Lunes 26 de diciembre

Hotel Safi Royal Luxury,

San Pedro Garza García,

metrópoli de Monterrey.

Quisiera tener el valor para decirte lo que ocurrió esa noche en realidad, Jorge. Desearía ser tan fuerte, sincera y menos cobarde para contarte esos eventos tan deshonestos, sucios y vulgares que cometí y que ahora me llenan de vergüenza.

En ese momento no pensé del todo en las consecuencias, mi hermoso niño. Cada día que pasaba estaba más molesta contigo por todo lo nuevo que iba descubriendo de ti. Era como si ese Jorge resabiado fuera otro al que yo había conocido y querido desde el día uno. De hecho, mi decepción hacia tu persona era tan creciente, que llegó un momento en que comenzaste a darme repulsión. No concebía que pudiera existir un hombre tan mentiroso y tan hipócrita como tú que ante mi mirada se comportara como un caballero íntegro y detrás de bambalinas tuviese semejante despliegue de sordidez.

Tuvimos que haber terminado nuestra relación enseguida, Jorge, lo sé: pero tú, a solas conmigo, seguías siendo el mismo muchacho bueno y amoroso del que me había enamorado y mi sentencia hacia ti te indultaba por momentos. Además… yo no estaba lista para afrontar la vida sola.

Yo te amaba en demasía, tal y como te amo ahora, pero entonces era un amor que sólo dependía de tu redención o de tu declive. Y eso me fastidiaba.

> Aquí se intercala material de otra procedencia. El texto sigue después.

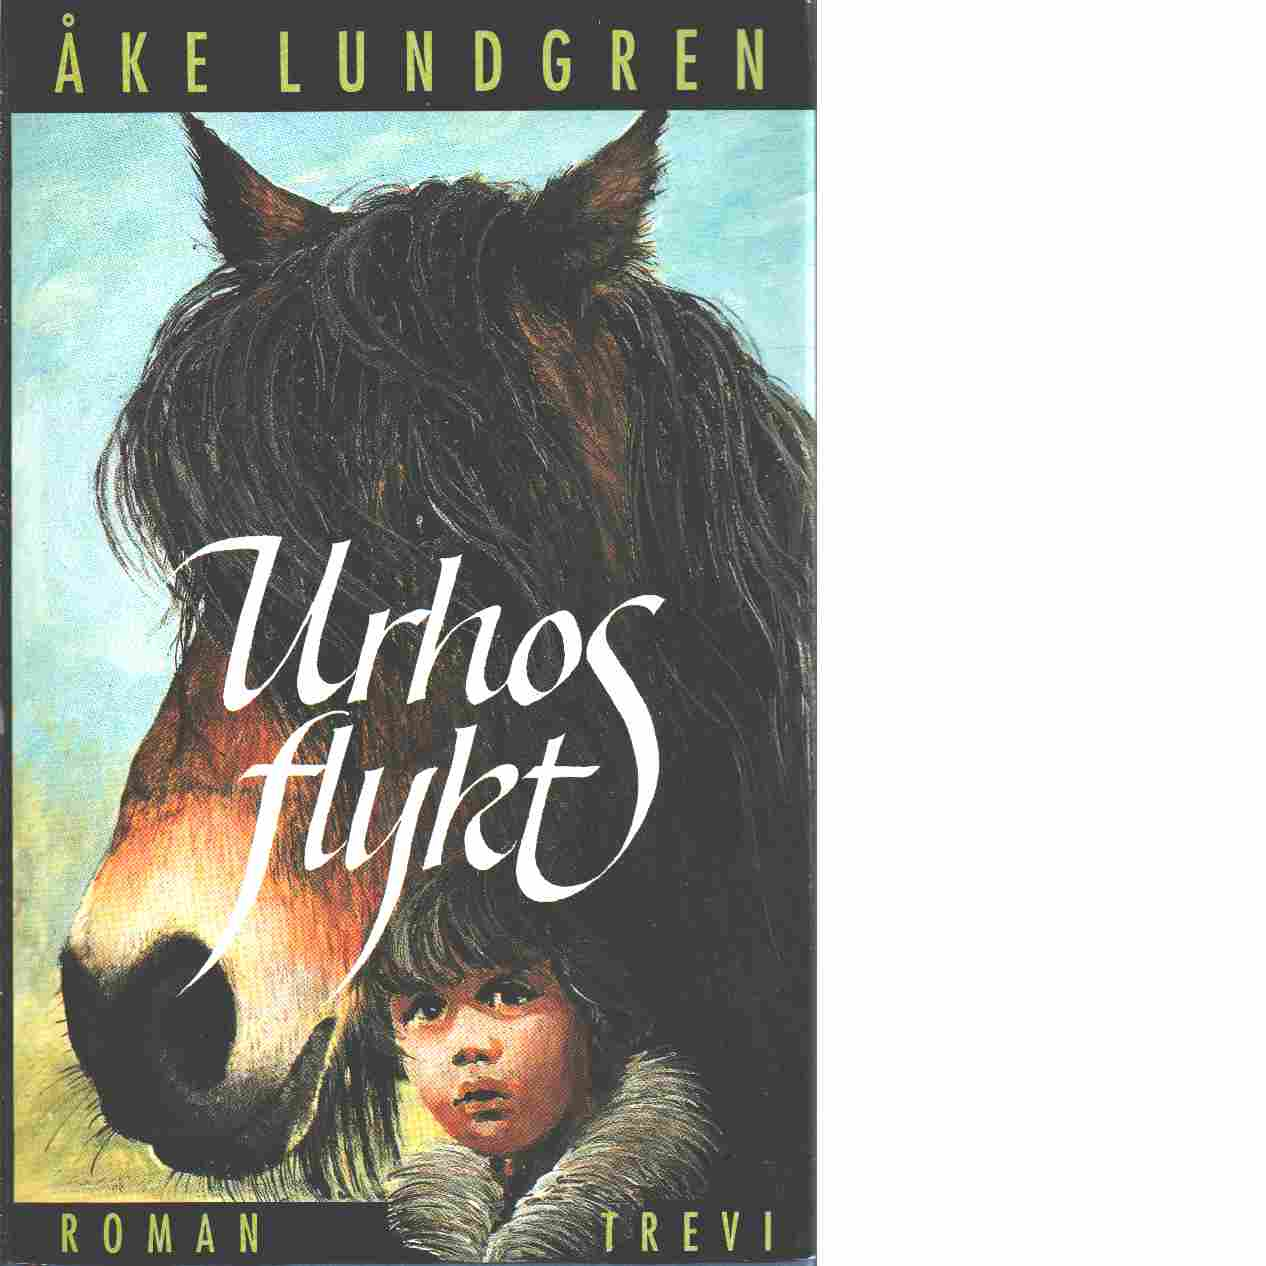 Urhos flykt : [roman] - Lundgren, Åke

Esa noche en San Pedro Garza García (ciudad que se había convertido en mi centro de deshonestidades) hice cosas tan nauseabundas que si las supieras te llenarían de asco. Y aunque no es una justificación, en el fondo me dejé llevar porque lo deseaba, y porque, de alguna manera, quería equiparar  mi ruindad y vileza a la tuya, igualándome a tus perversidades.

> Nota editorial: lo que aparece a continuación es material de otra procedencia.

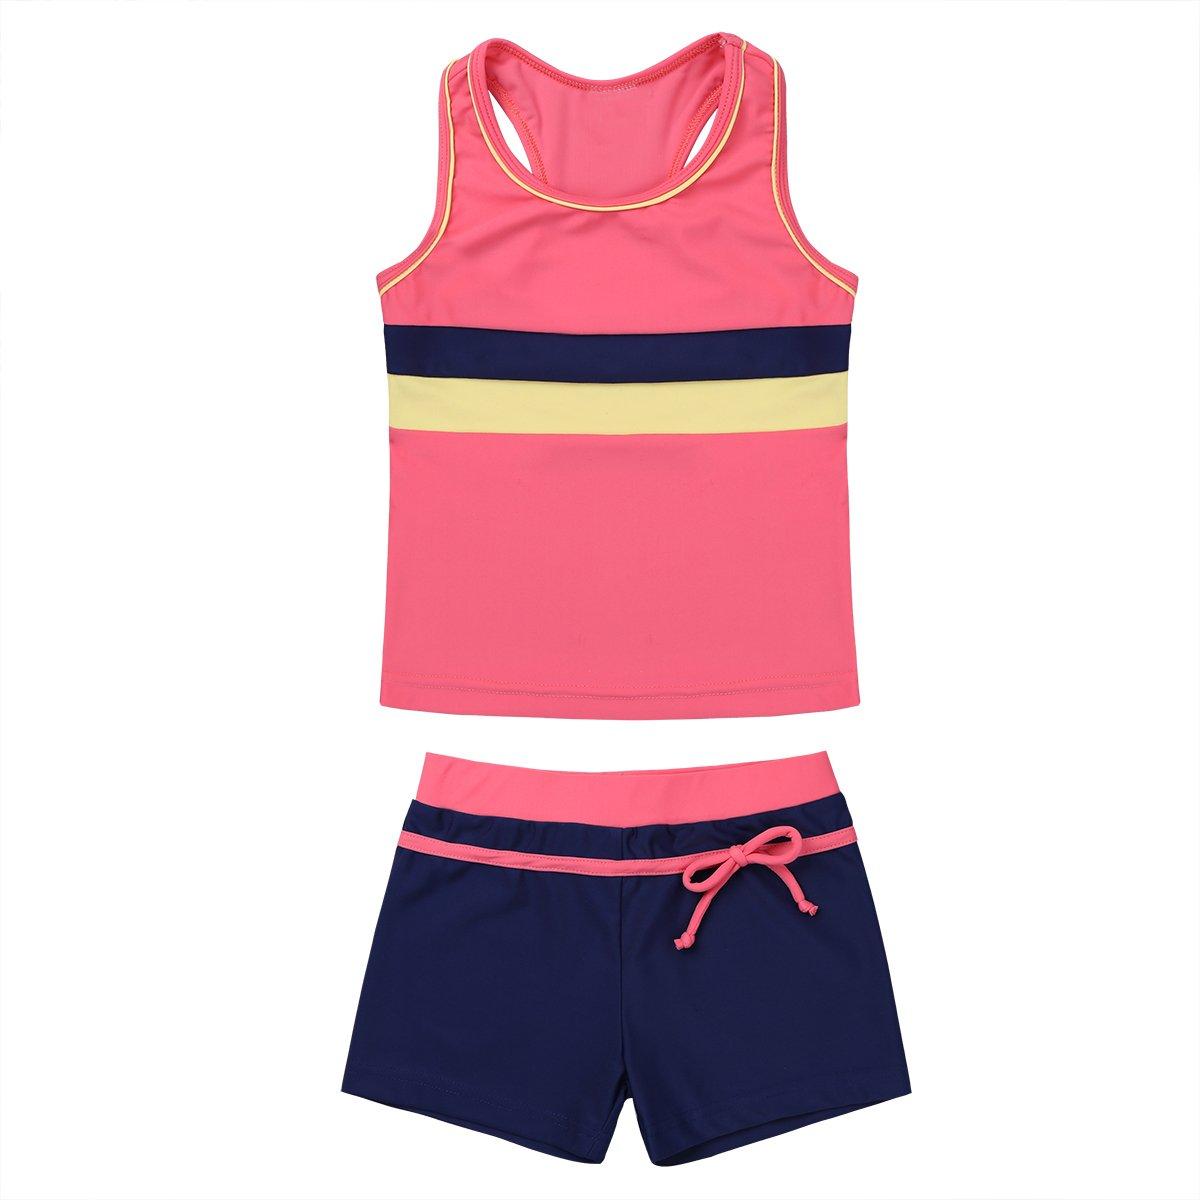 TiaoBug Little Girls' Summer Two Piece Boyshort Tankini Swimsuit Swimwear Watermelon Red 14

A pesar de todo, de mis rencores hacia ti, de mi decepción, ya mismo comprendo que no merecías que te hubiese hecho lo que te hice: que te hubiese faltado al respeto como novia, prometida, amiga y mujer. Pero ese fue un tiempo de desorden mental que aún no puedo entender.

¡Por eso no te puedo contar la verdad, mi cielo, porque te perdería!

Es verdad que Leila nos canceló de último momento; es verdad que el plan original contemplaba que ella estuviera presente esa noche acompañándome en la negociación con el empresario: es verdad que Valentino me invitó a tomar una copa cuando terminó la cena con don Severiano, para celebrar una más de mis vitorias. Todo esto que te dije fue verdad: sólo que omití un pequeño detalle: esa copa (que nunca me bebí) fue en la suite de su habitación, y, además… allí pasaron ciertas cosas que nunca debieron de pasar.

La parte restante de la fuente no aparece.